I write a lot of descriptions.
Sweeping panoramas, tiny details of foreshadowing few will notice—it can take whole paragraphs, or one or two carefully picked words. It’s a process of layering, comparing and implying: doing everything you can to make your audience see what you see.
That’s the purpose of descriptions: to make the audience see what you see. It seems like an obvious statement, but many descriptions do anything but that. let's use an example:
"There was a duck in the box. It was rubber and yellow."
How much information do you get out of this? You have the bare details. Technically you can imagine a yellow rubber duck in a box, but it doesn’t catch your attention. It’s nothing special.
At some point you might need this kind of description: maybe to portray sarcasm, to highlight a character’s lack of enthusiasm, or perhaps to invoke a “well duh” moment. But usually, you won’t want to write descriptions this way.
Let's try again:
“A duck sat in the box, the yellowest, glossiest rubber duck you could wish for.”
This has a lot more character.

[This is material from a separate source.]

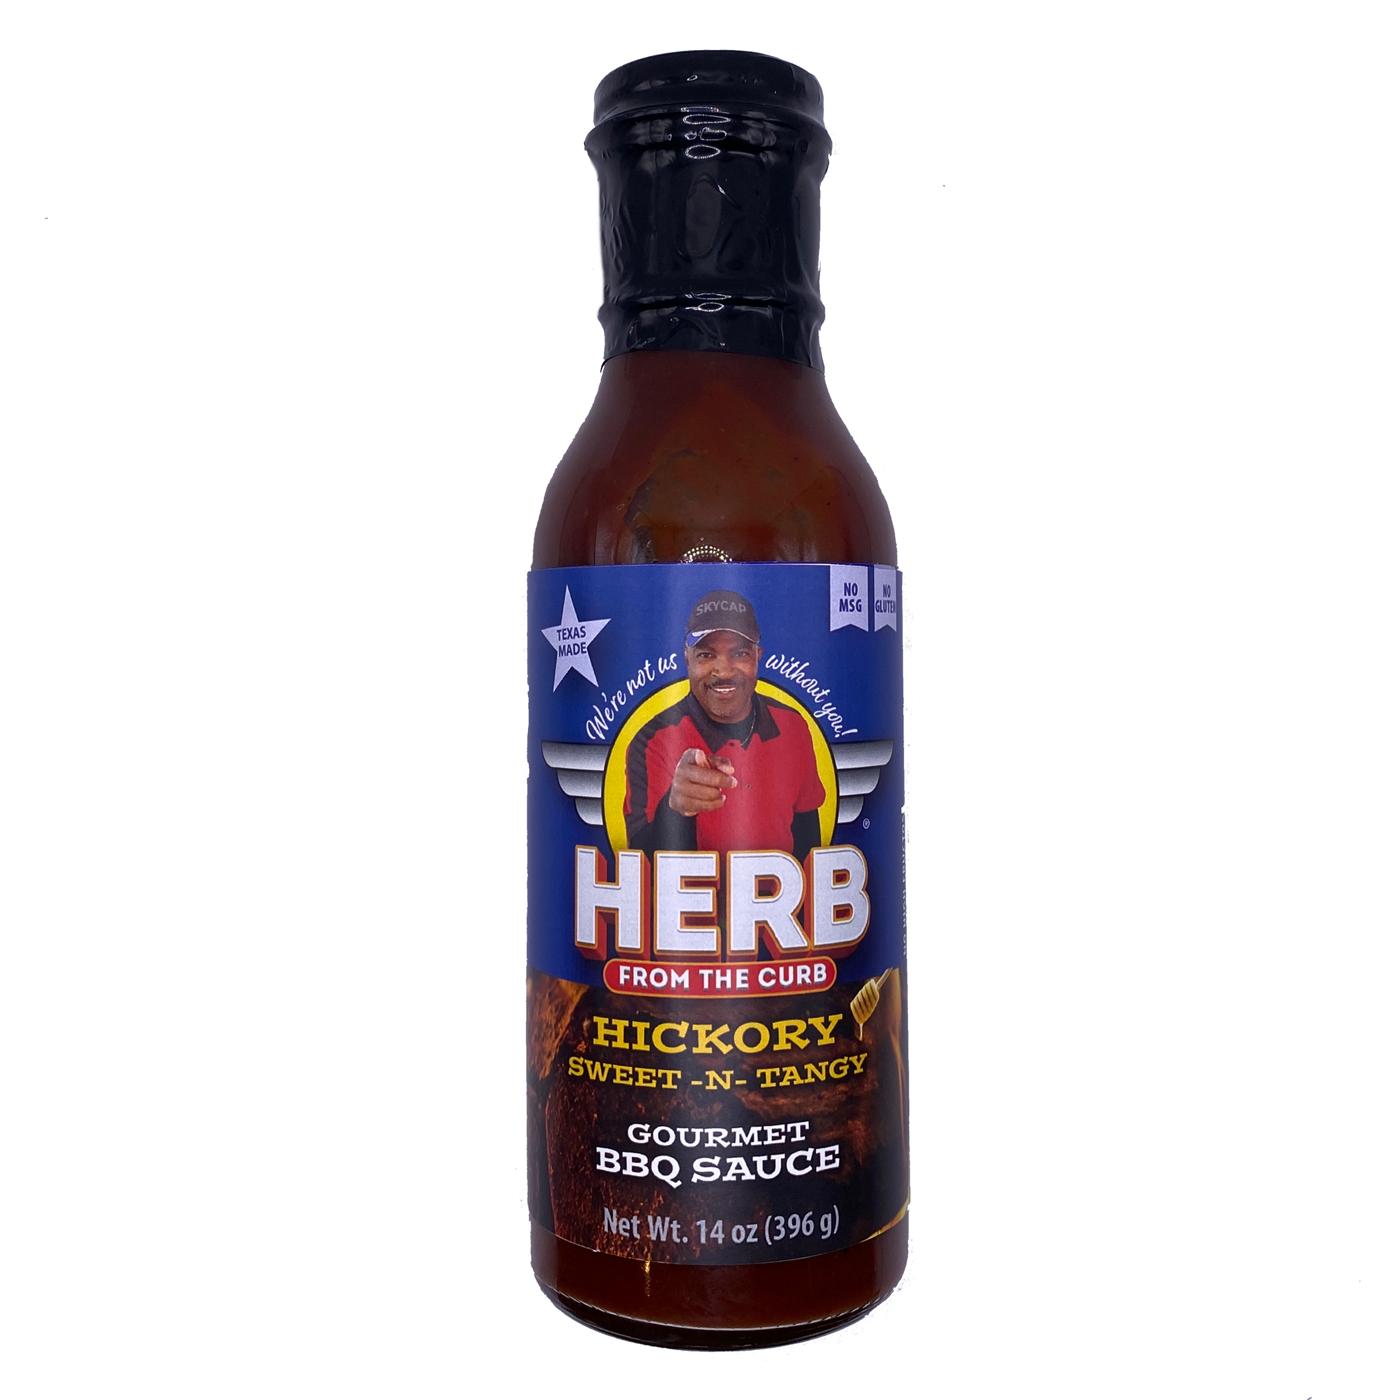 Herb From the Curb Sweet-N-Tangy Hickory Gourmet BBQ Sauce; image 1 of 2

It presents an enduring, almost childish tone. We feel the delight and understand that the gift is appreciated. It also provides clues to the receiver's personality in general.
Or you could do it like this:
"It was a duck. A dead-eyed, yellow rubber duck in a box."

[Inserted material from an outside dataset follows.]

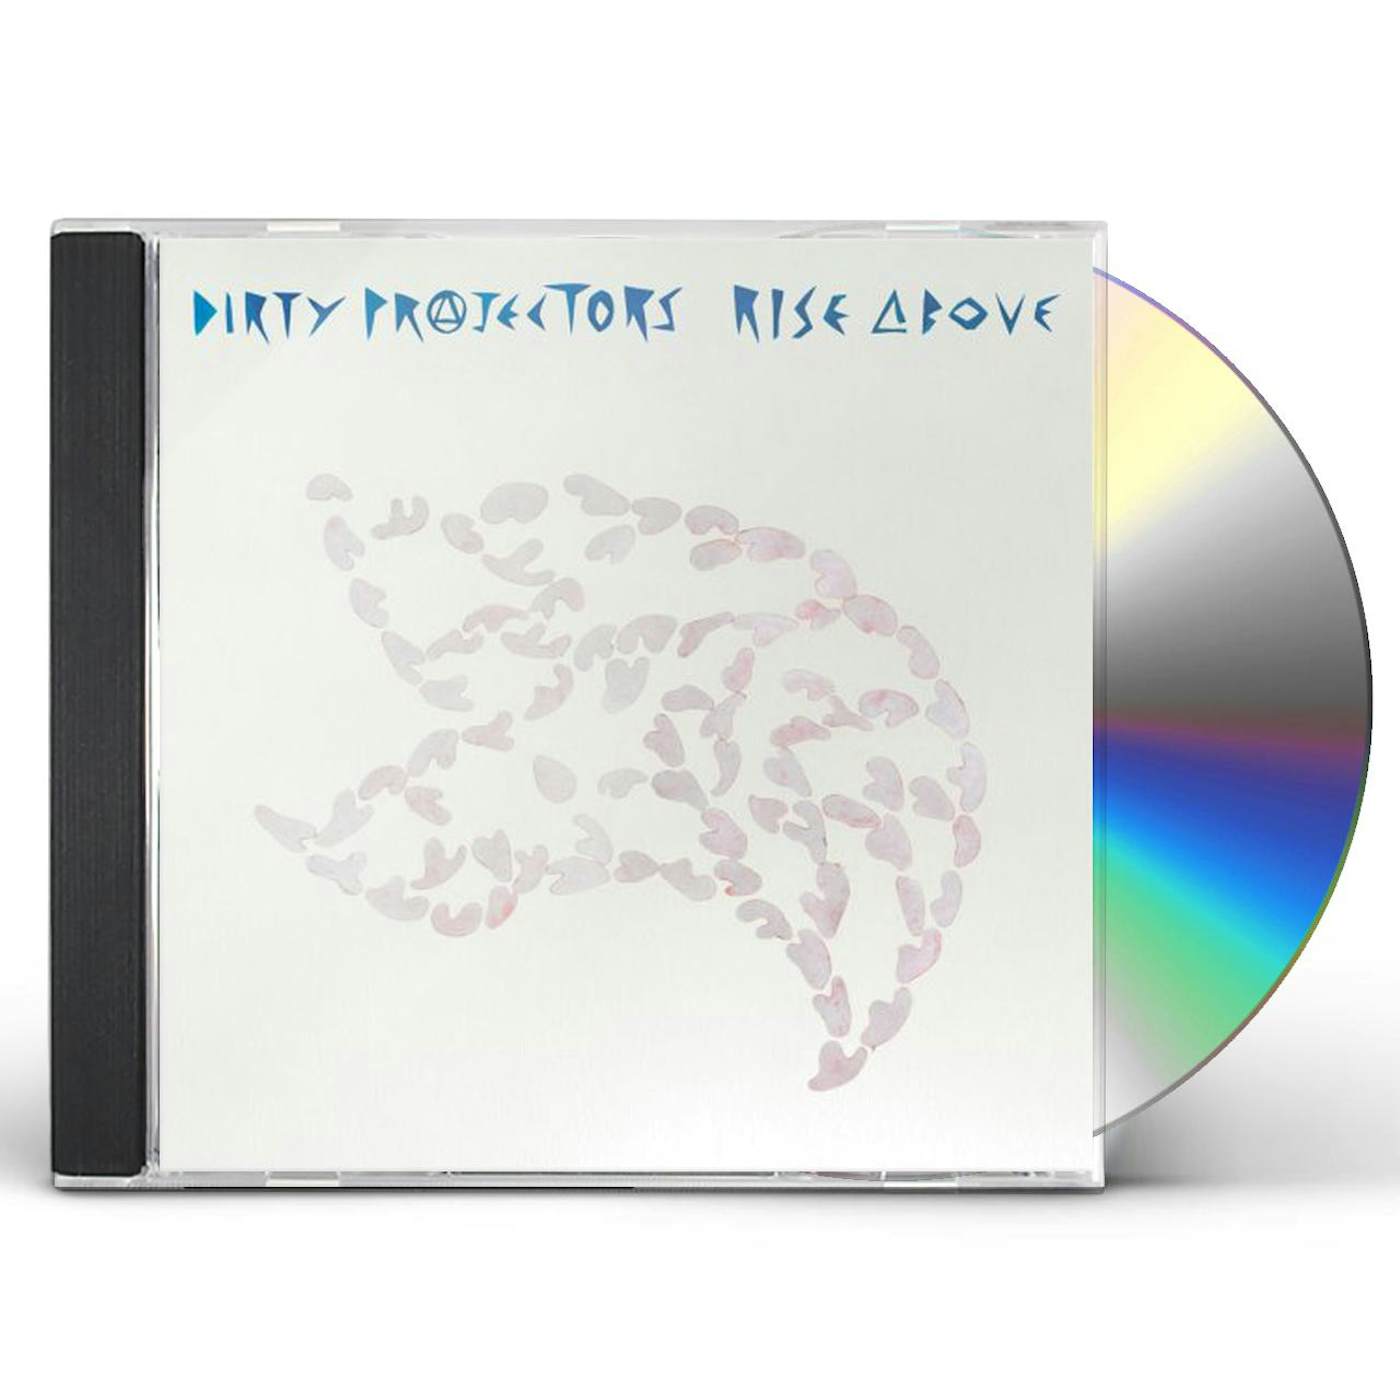 Dirty Projectors RISE ABOVE CD

Feel the seeping displeasure? See how the receiver kind of looks like a jerk?
The amount of personality you can pack into this without altering the raw information is amazing. You could rework the sentence again and again, giving it new meaning every time through the construction and word choice alone.
The point of descriptions isn’t to present raw facts; it’s to infuse the facts with as many layers of information as possible, building the image until the reader sees it as clearly as you do. Distill emotion and tone into it, make it carry your story as powerfully as any moment of action.